Trial plot 2 (TP 2) is located within a recreational zone of Homil-shanski Forests National Nature Park, in the vicinities of research sites of H. S. Skovoroda Kharkiv National Pedagogical University and Kara-zin Kharkiv National University. This area is exposed to intensive recreation pressure during the bird breeding season. The forest includes damaged and diseased trees (about 35%); the crown closure is about 70%. The understorey and shrub layers are present but poorly differentiated. The grassy layer is partly disturbed; projective cover reaches 85% in some places. The forest floor is slightly disturbed. Forest paths cover up to 30% of the site. This model site has the 3d stage of recreation digression, and the management of recreation pressure is required.

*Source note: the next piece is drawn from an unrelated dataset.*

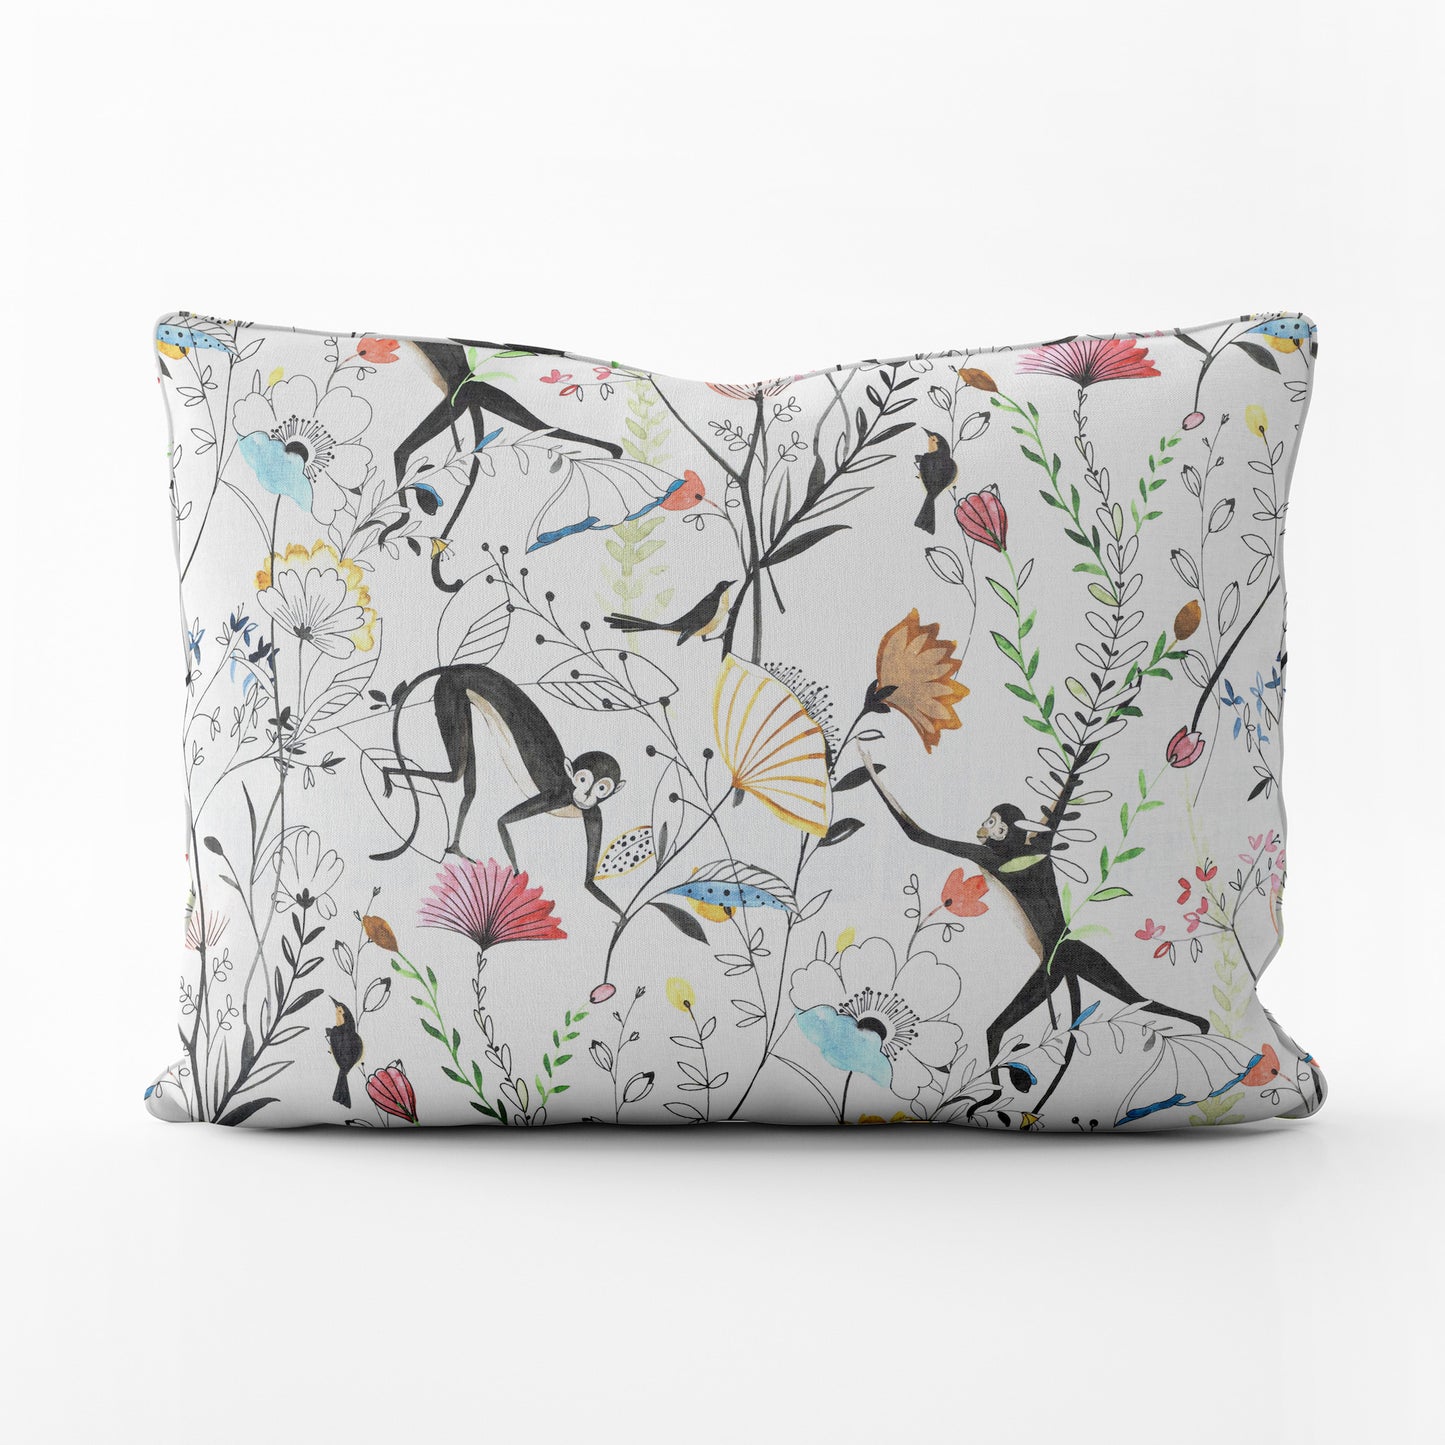 Decorative Pillows in Entangled, a Monkey & Bird Watercolor Floral Jungle

Trial plot 3 (TP 3) is in the forest park of Kharkiv City. It is a predominantly natural upland oak forest with a small admixture of artificially planted species, located in the interfluve of the Lopan and Kharkiv rivers. The crown closure is circa 60%. The species, typical for the forest edge, as well as meadow, riparian, aquatic, and ruderal plants are recorded. There is an extended network of forest paths and roads, used for jogging. Increased recreation pressure leads to the expansion of open glades and the increasing density of paths. The maple Acer negundo
forms dense thickets at the forest edge; in some places, garbage dumps can be found. The number of ruderal species increases as one approaches the forest border. The site has the 4th level of recreational digression.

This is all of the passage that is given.